Paste it into `.github/workflows/<your-workflow>.yaml` after the
`actions/setup-r` step:

```yaml
jobs:
  R-CMD-check:
    runs-on: ubuntu-latest
    steps:
      - uses: actions/checkout@v4
      - uses: r-lib/actions/setup-r@v2
        with:
          use-public-rspm: true

      - name: Install Linux system dependencies
        run: |
          sudo apt-get update
          sudo apt-get install -y libxml2-dev libcurl4-openssl-dev libssl-dev

      - uses: r-lib/actions/setup-r-dependencies@v2
        with:
          needs: check
```

If you prefer to let the `r-lib/actions` ecosystem handle system
requirements for you, use the `extra-packages` and `needs` inputs of
`setup-r-dependencies`. `sysreqr` is then most useful for two things:

1. **Pre-CI auditing**: run `check_project(".")` locally before pushing.
2. **CI for non-R-package projects** (Shiny apps, scripts, reports), where
   the standard r-lib actions are less of a fit.

## Beyond GitHub Actions

The `install_command()` output is portable across CI systems. For GitLab CI:

```yaml
test:
  image: rocker/r-ver:4.4
  before_script:
    - apt-get update
    - apt-get install -y libxml2-dev libcurl4-openssl-dev libssl-dev
  script:
    - Rscript -e 'devtools::check()'
```

For Jenkins, Drone, or shell-driven CI, write the install script once:

```{r, eval = FALSE}
write_install_script(plan, file.path(tempdir(), "install-sysreqs.sh"))
```

Then call `sh ci/install-sysreqs.sh` from any CI runner.

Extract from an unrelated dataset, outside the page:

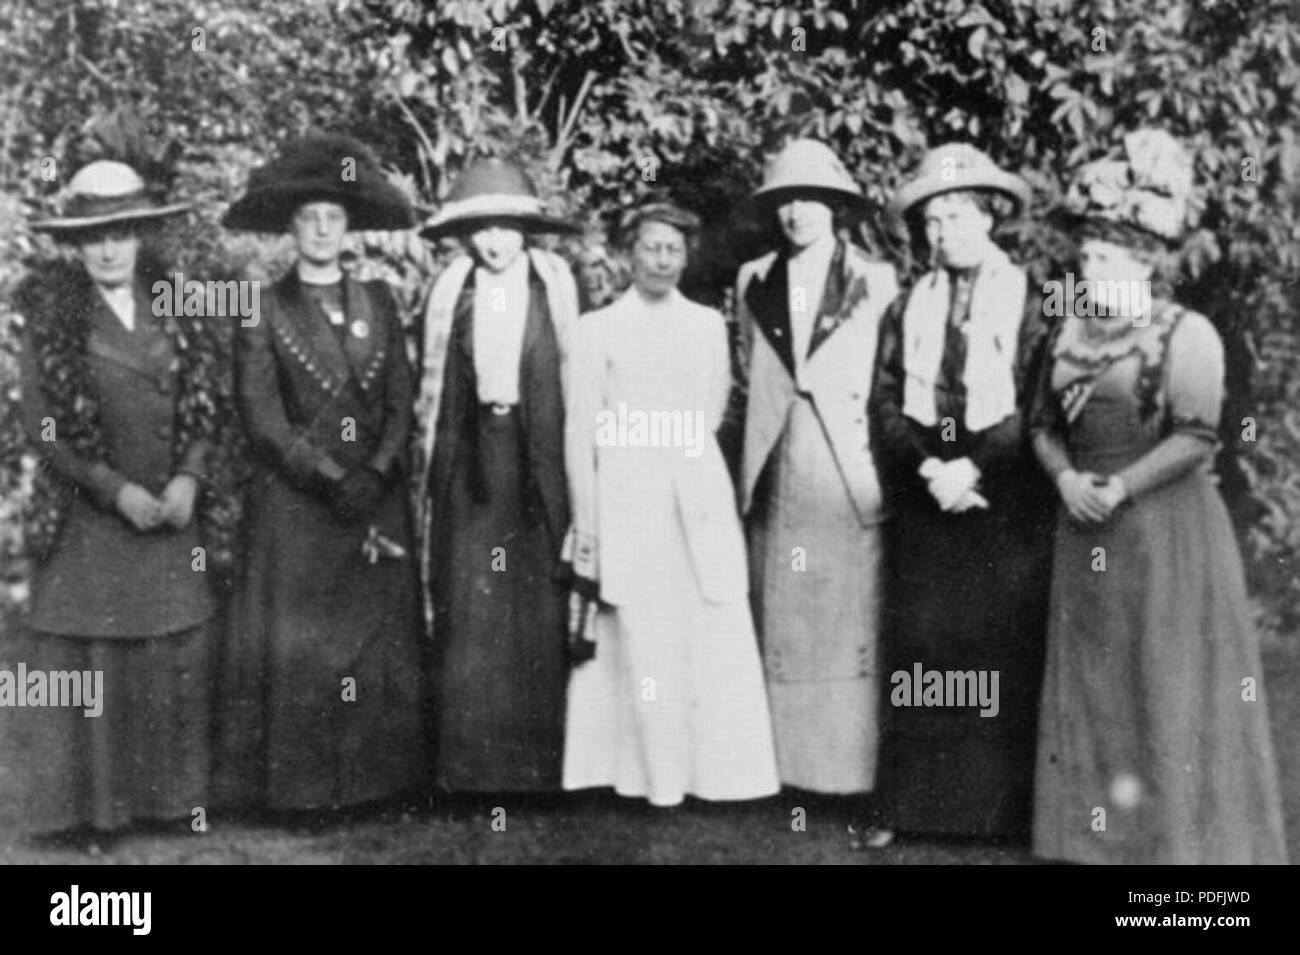 151 Helen Crawfurd, Janet Barrowman, Margaret McPhun, Mrs A.A. Wilson, Frances McPhun, Nancy A. John and Annie Swan Stock Photo

## Posit Workbench and Posit Connect

Both Posit Workbench and Posit Connect benefit from Posit Package Manager
binary R packages, which avoid source compilation entirely for the
distributions they support. `use_ppm("user")` writes the `.Rprofile`
fragment that points R at the right binary repository.

For Connect specifically, server administrators usually configure the
repository at the server level, so end users only need the application
code, not `.Rprofile` edits.

## See also

* `vignette("preflight-setup")` for the basic workflow.
* `vignette("linux-fundamentals")` for the system-level concepts.
* `vignette("faq")` for common gotchas.